The HTML code for the form is (notice the wp_nonce_field function):
<form id="form">
<?php wp_nonce_field( 'contact_form_submit', 'cform_generate_nonce' );?>
<label>Name</label> <input type="text" name="name" class="text" id="name"><br>
<label>Email</label> <input type="email" name="email" class="text" id="email"><br>
<label>Subject</label> <input type="text" name="subject" class="text" id="subject"><br>
<label>Message</label><textarea id="message" class="textarea" name="message"></textarea>
<input name="action" type="hidden" value="simple_contact_form_process" />
<input type="submit" name="submit_form" class="button" value="send Message" id="sendmessage">
<div class="formmessage"><p></p></div>
</form>
So, you have your contact form ready and now want to take the data from form inputs and process it. Form Inputs are the doors where mostly malicious attacks happen and hackers run anything they like. So, you should properly sanitize your inputs which are very important for your website security.

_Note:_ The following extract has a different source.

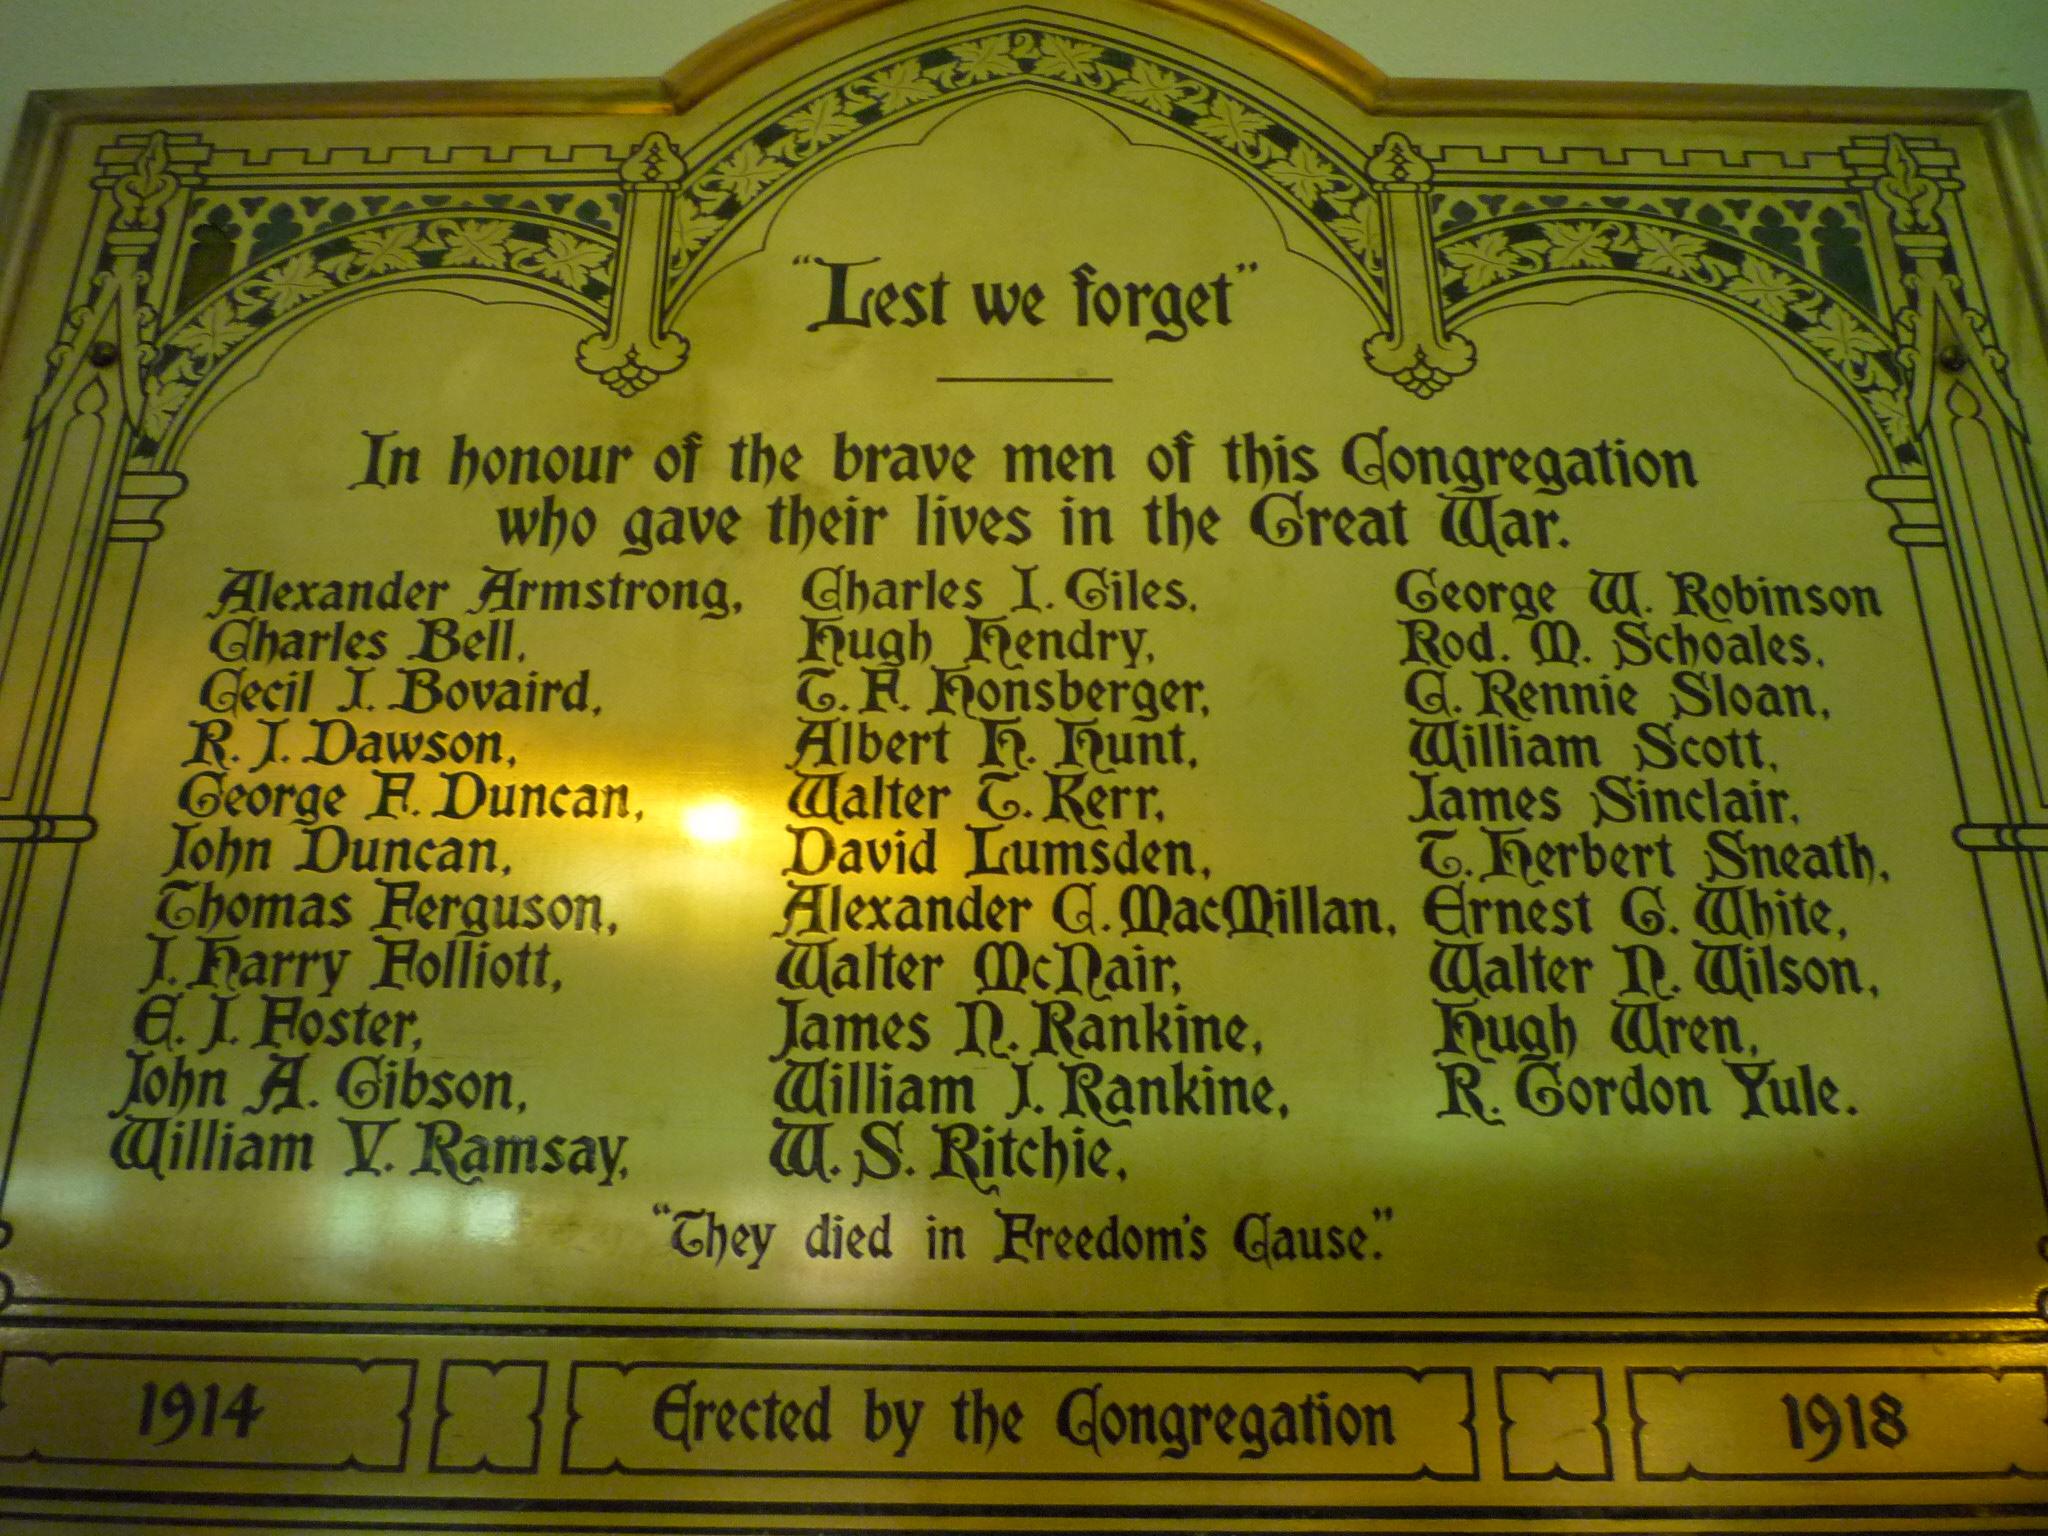 Memorial Plaque– Commemorative Plaque erected in the sanctuary of St. John's Presbyterian Church, Broadview Avenue, Toronto, Ontario, Canada.

Here is how you will verify nonce in your contact form.
<?php
if(isset($_POST['submit_form'])) {
if(!wp_verify_nonce('cform_generate_nonce','contact_form_submit')){
wp_die('Our Site is protected!!');
}else{
// process here your contact form with proper sanitize inputs.
}
}
?>
WordPress nonce is playing a very important role in WordPress security and I recommend it should be implemented in every WordPress plugin and theme, but I see many plugins and themes are not using it. If this article was helpful for you in any way I would love to hear your feedback.